Exercise objective:
Reproduce exactly, with no pictures, each line from the opening of the material down through the line containing "iFSim A320 Simulator wanted-Choose".

Segment Start: Recorded information

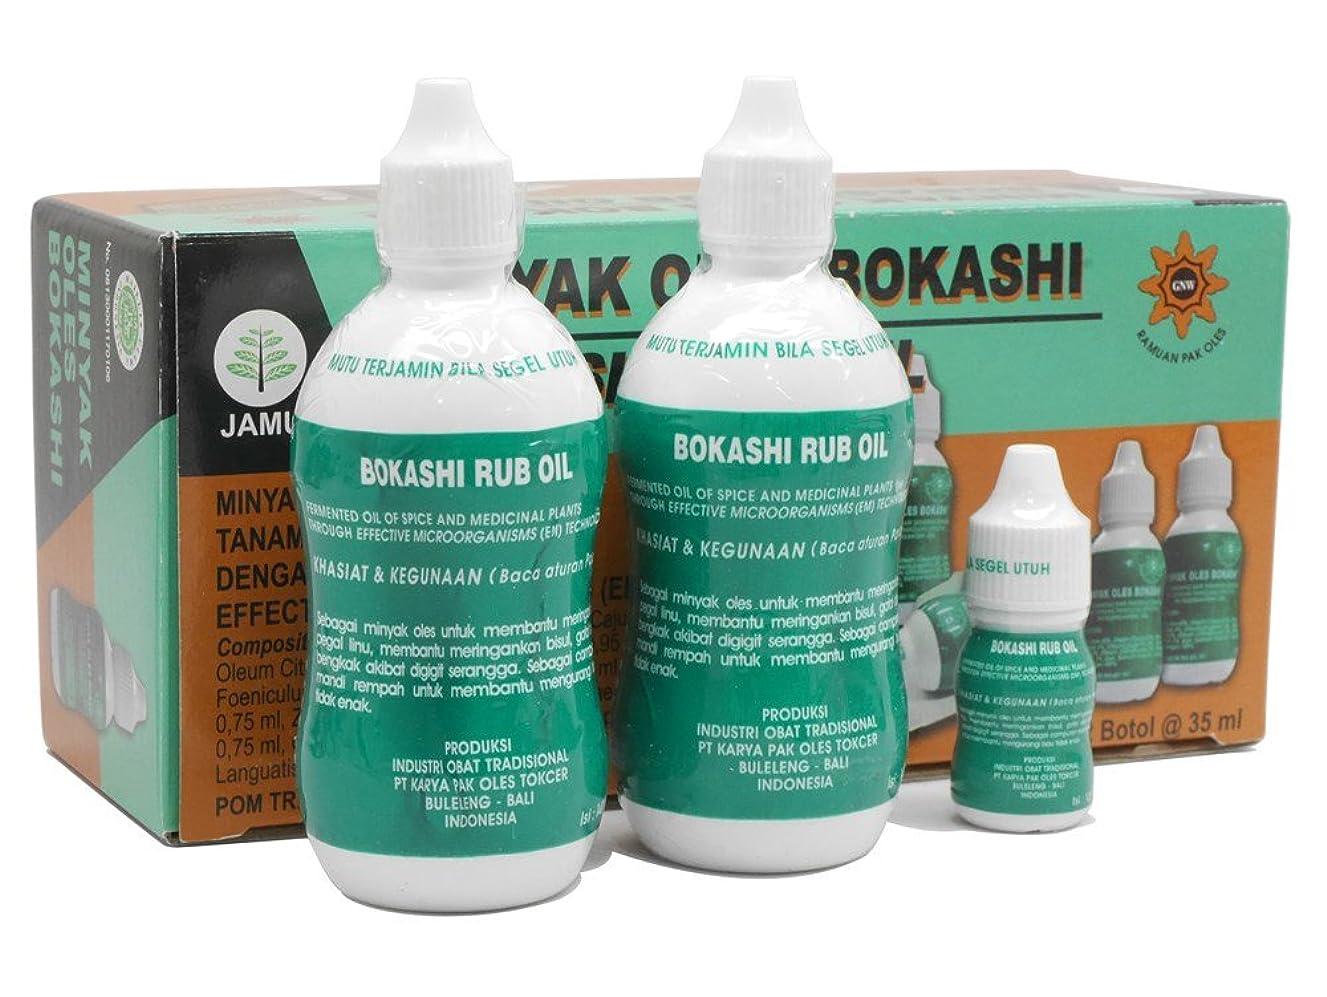 ビジネス成熟困惑するBOKASHI RUB OIL ボカシラブオイル 140ml (2本) 12ml (1本) 日本オリジナルモデル 日本正規代理店
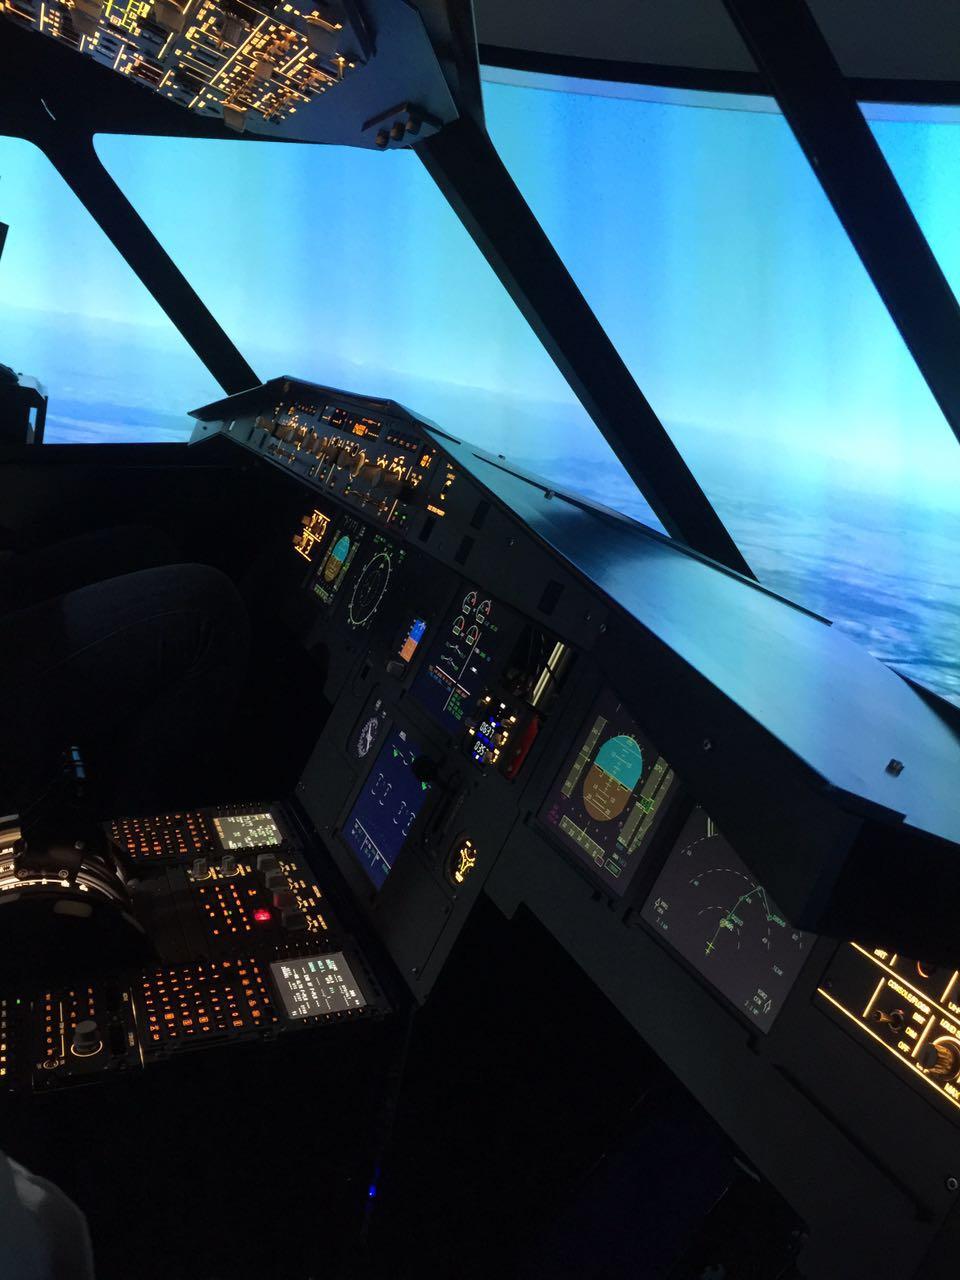 iFSim A320 Simulator wanted-Choose iFSim A320 Simulator Manufacturer
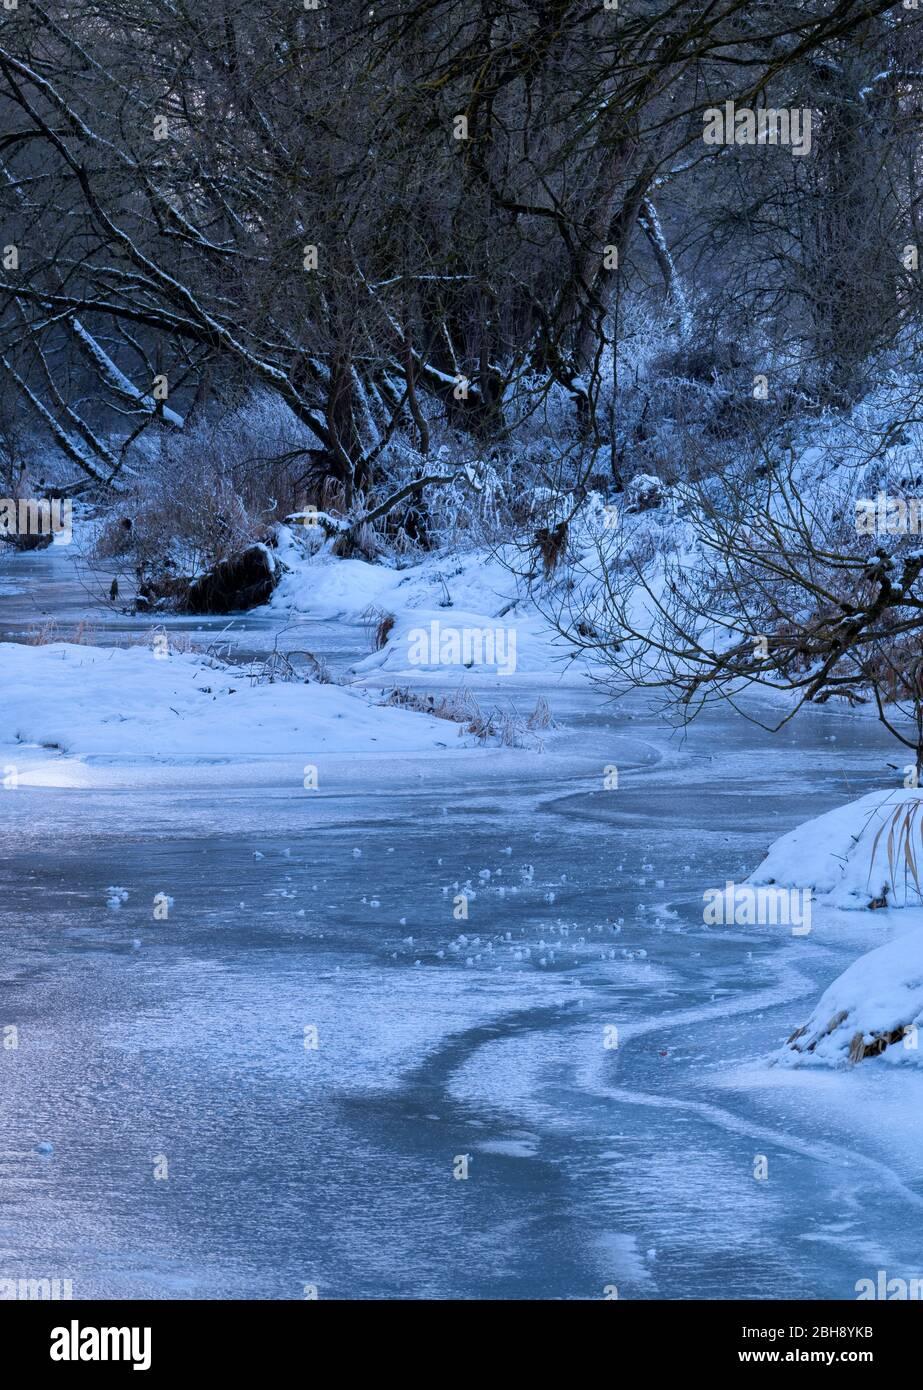 Europa, Deutschland, Hessen, Burgwald, Naturpark Kellerwald-Edersee, Frost am Eder-Fluss bei Birkenbringhausen, Winterstimmung mit Eis und Schnee Stock Photo

Segment End: Recorded information

Exercise answer:
 ビジネス成熟困惑するBOKASHI RUB OIL ボカシラブオイル 140ml (2本) 12ml (1本) 日本オリジナルモデル 日本正規代理店
 iFSim A320 Simulator wanted-Choose iFSim A320 Simulator Manufacturer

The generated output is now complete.